Senate debates

Tuesday, 2 July 2024

Statements by Senators

Corporate Governance: E-Conveyancing

1:47 pm

Photo of Dave SharmaDave Sharma (NSW, Liberal Party) Share this | | Hansard source

Last week we saw an inflation figure with a four in front of it. It was four per cent in Australia. Part of that is due to excessive government spending—expansionary state and federal government budgets—as the Reserve Bank has pointed out, but part of it is also due to a lack of competition in key sectors. I want to talk about one sector in particular today, the e-conveyancing market. The e-conveyancing market allows the digital settlement of property transactions, which is overwhelmingly done in Australia. About 75 per cent of property transactions, about four million transactions, were effected in this way last year. There's effectively a monopoly provider of these services, Property Exchange Australia, PEXA, which controls 99 per cent of the e-conveyancing market. Unsurprisingly, when you have a monopoly, you have monopolistic behaviour. There's a lack of competition, and higher prices result.

The New South Wales Productivity Commission have just looked into this issue and they reported yesterday.

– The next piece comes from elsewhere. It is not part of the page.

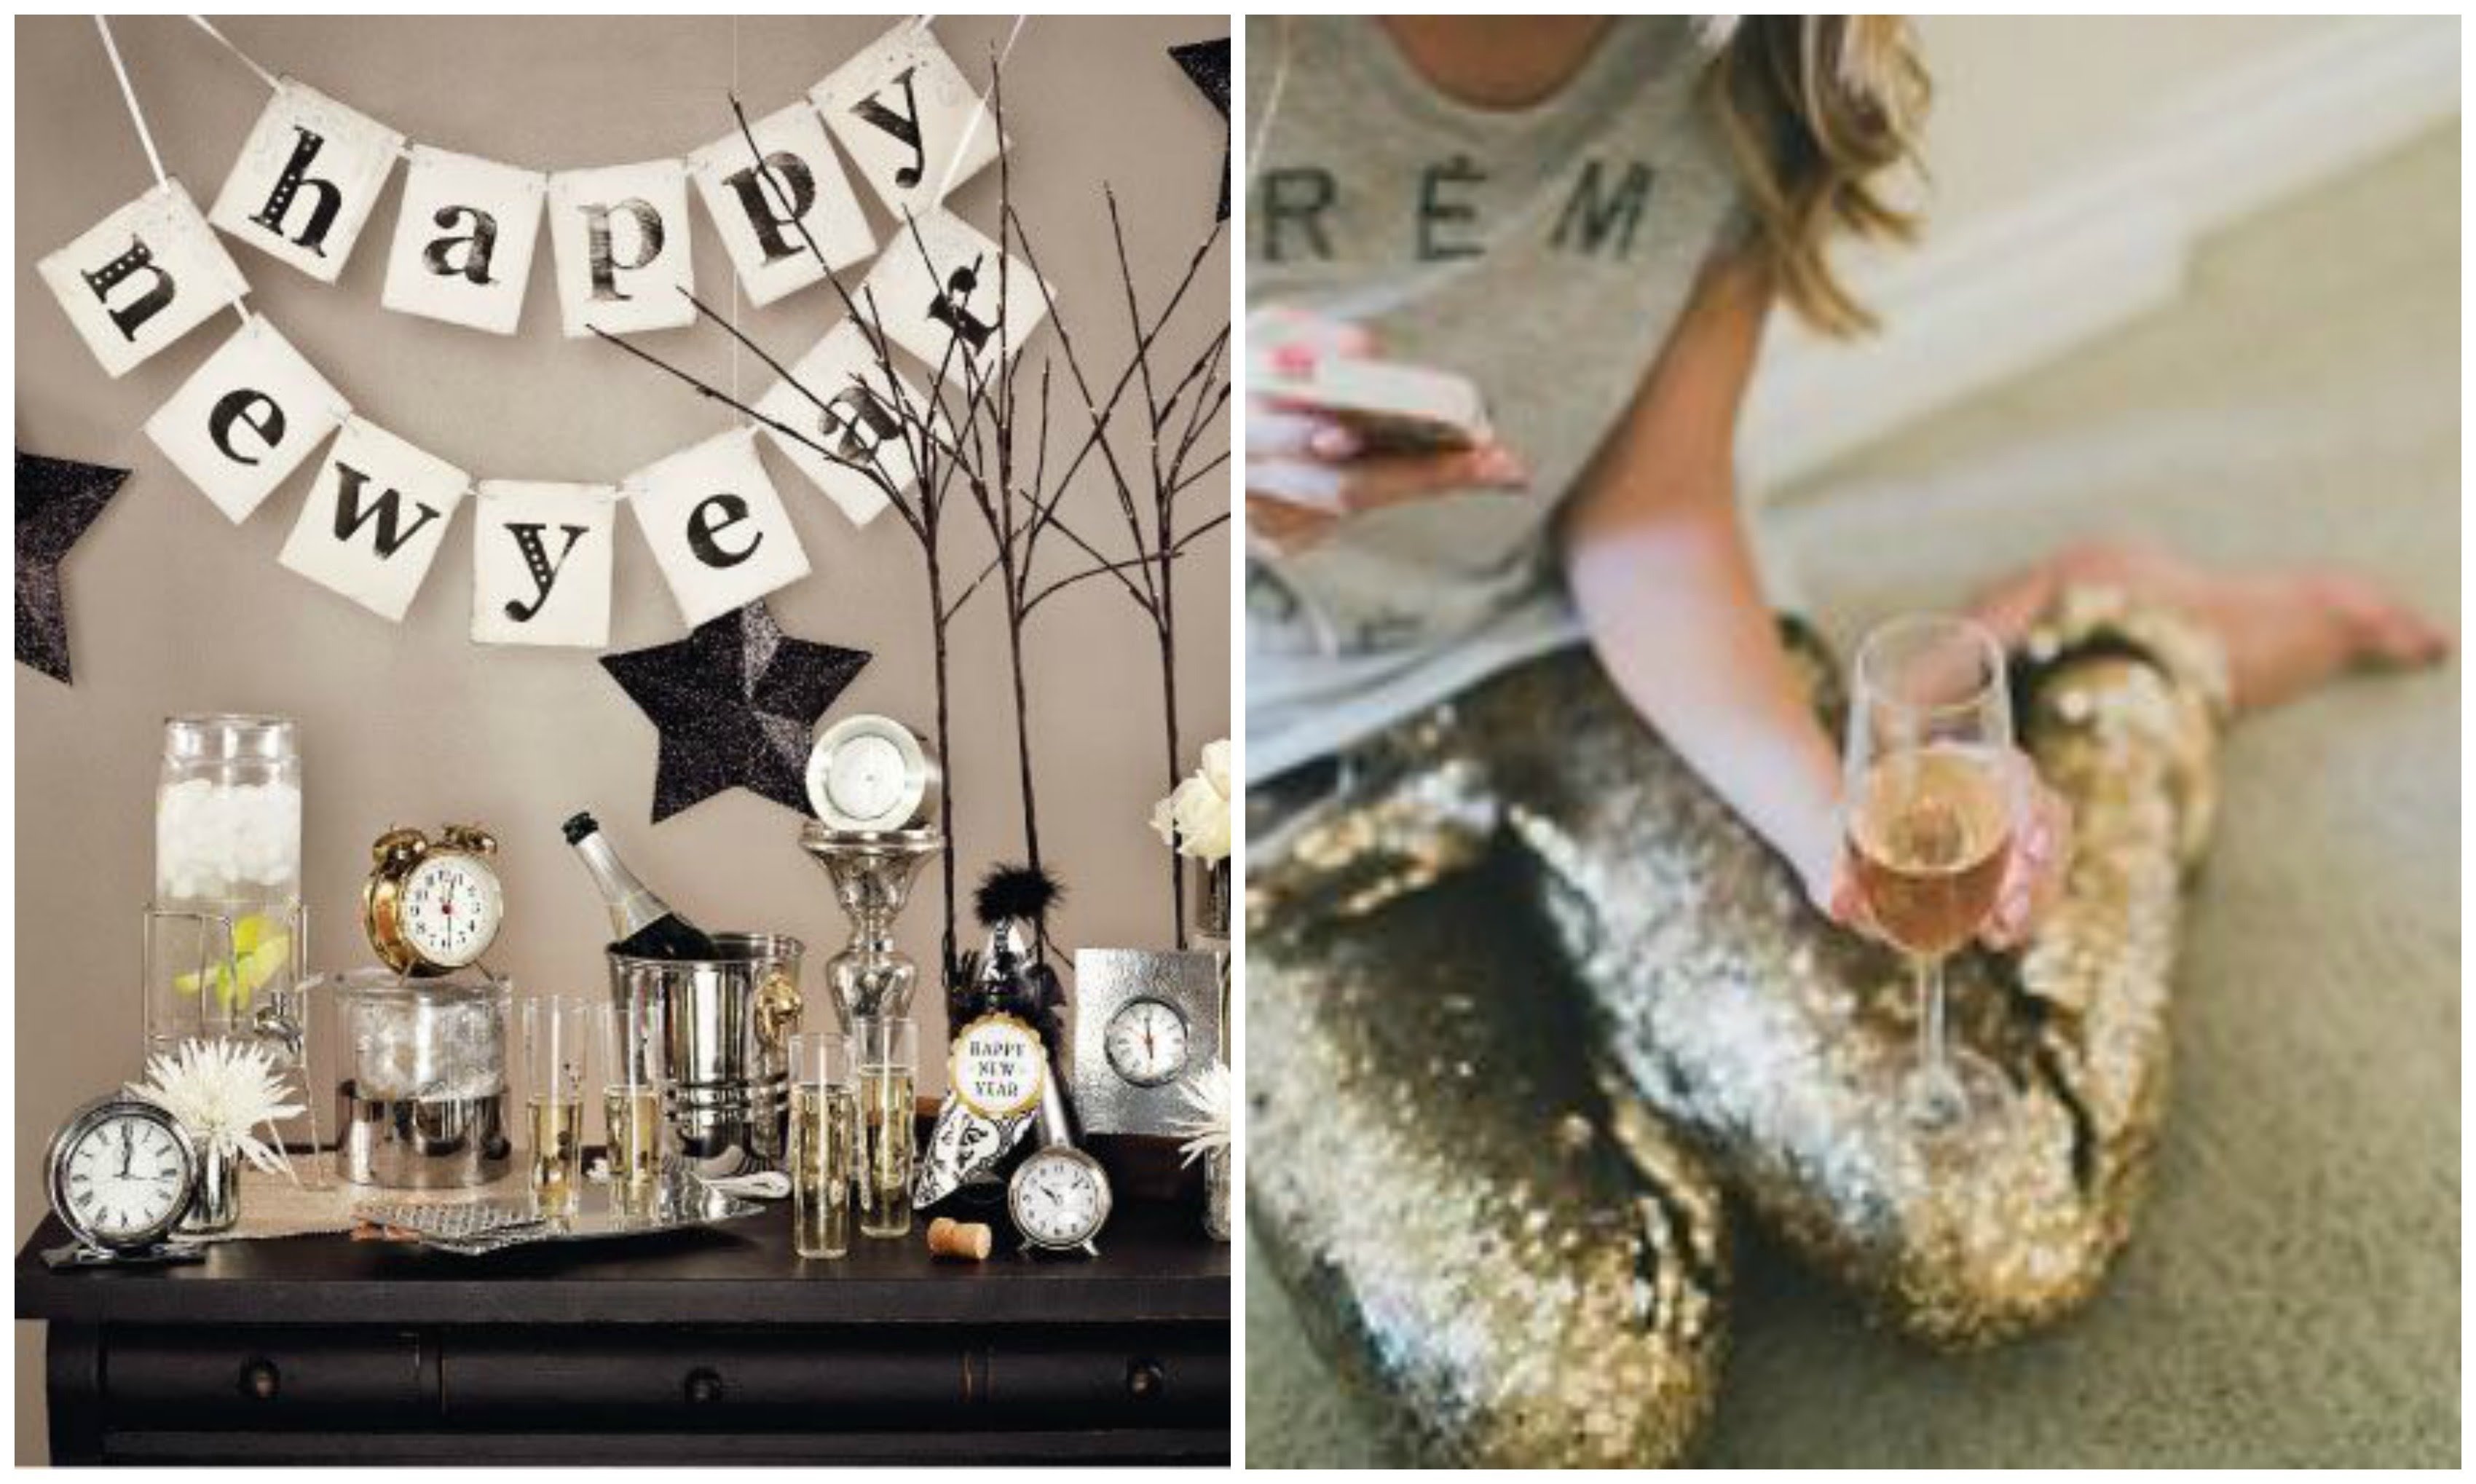 10 Stunning Ideas For New Years Eve new years eve party ideas youtube 6 2022
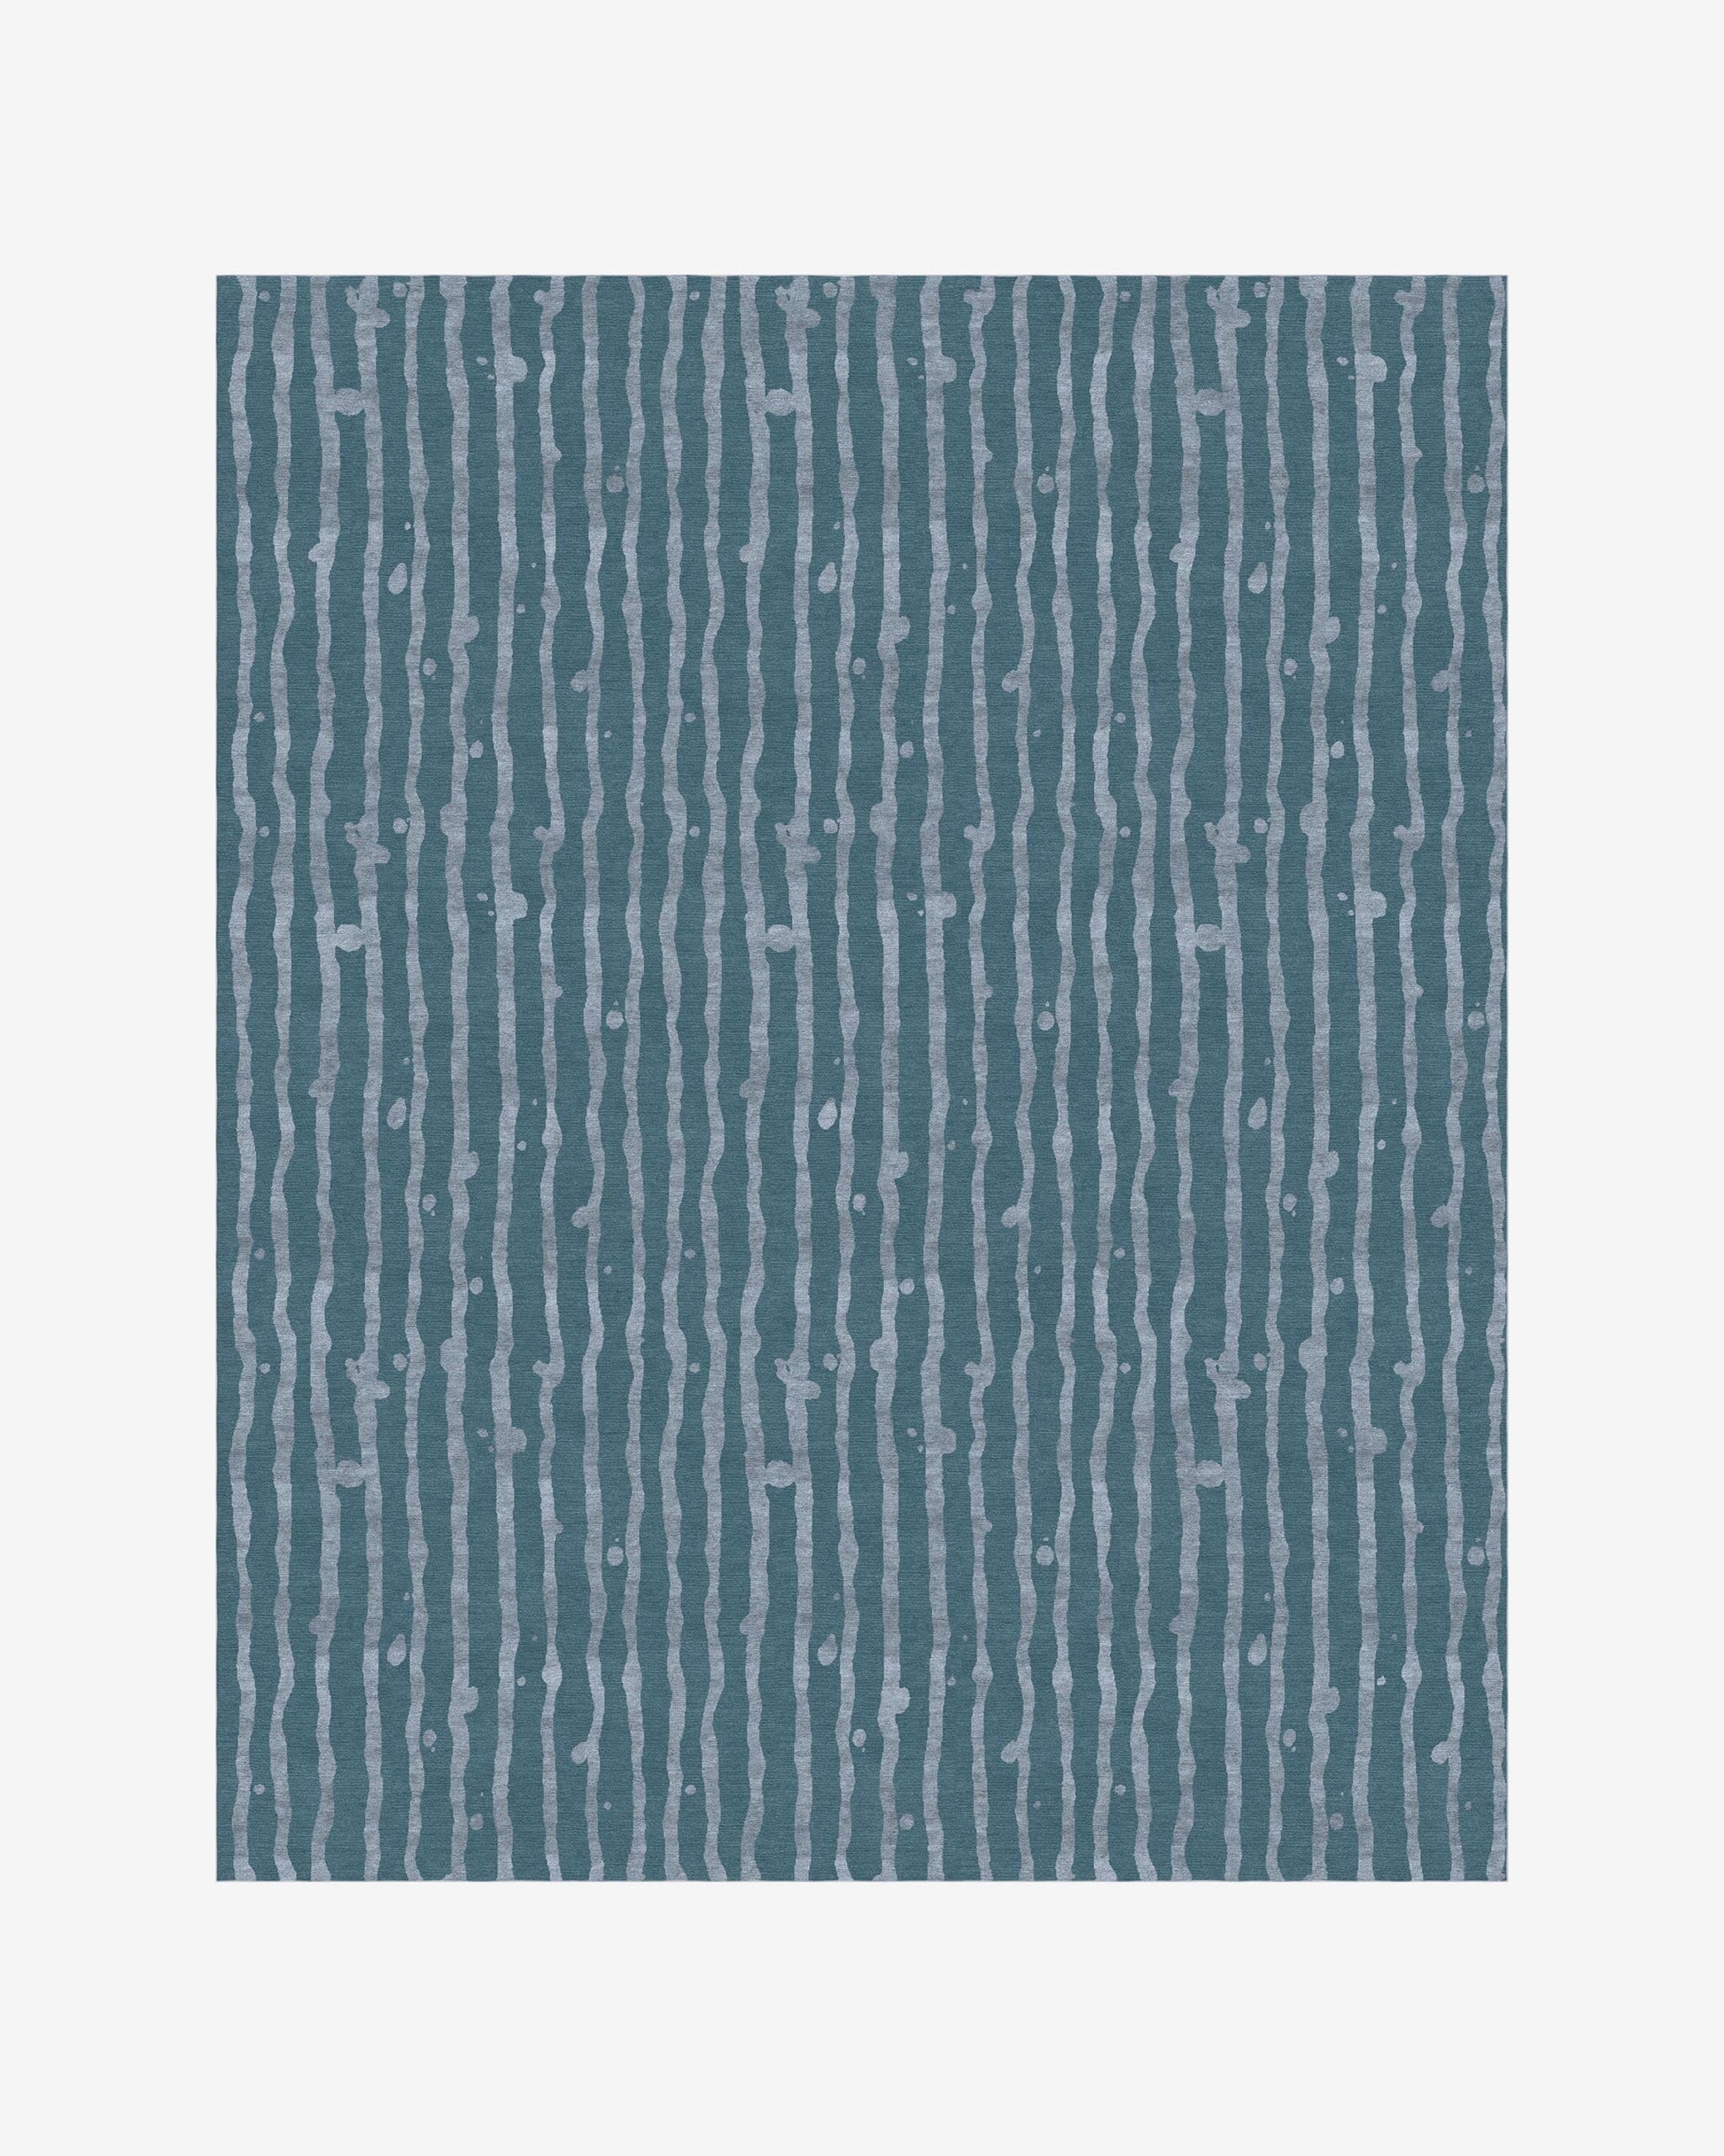 An image of the Drippy Stripe Hand Knotted Rug Gulf with an aquatic feeling

Looking at this market, they said that the market is not effectively competitive, that there are high levels of market concentration, that high profits go to the provider and that there are material barriers to entry. In fact, Dr Andrew Leigh, the Assistant Minister for Competition, Charities and Treasury in the other chamber, has said that PEXA's behaviour has been that of a textbook monopolist.

What are we going to do about it? The New South Wales Productivity Commission found that the existing regulator, the Australian Registrars National Electronic Conveyancing Council, ARNECC, which most people wouldn't have heard of, is simply not up to the task of policing that market. They've said that the Australian Competition and Consumer Commission, the ACCC, a federal body, is best placed to lead the ongoing market reforms in this area.

State and federal governments committed to opening this sector up to competition by next year, but at the moment that is woefully behind schedule. I urge this government and, in particular, Andrew Leigh, the assistant minister for competition, to get involved.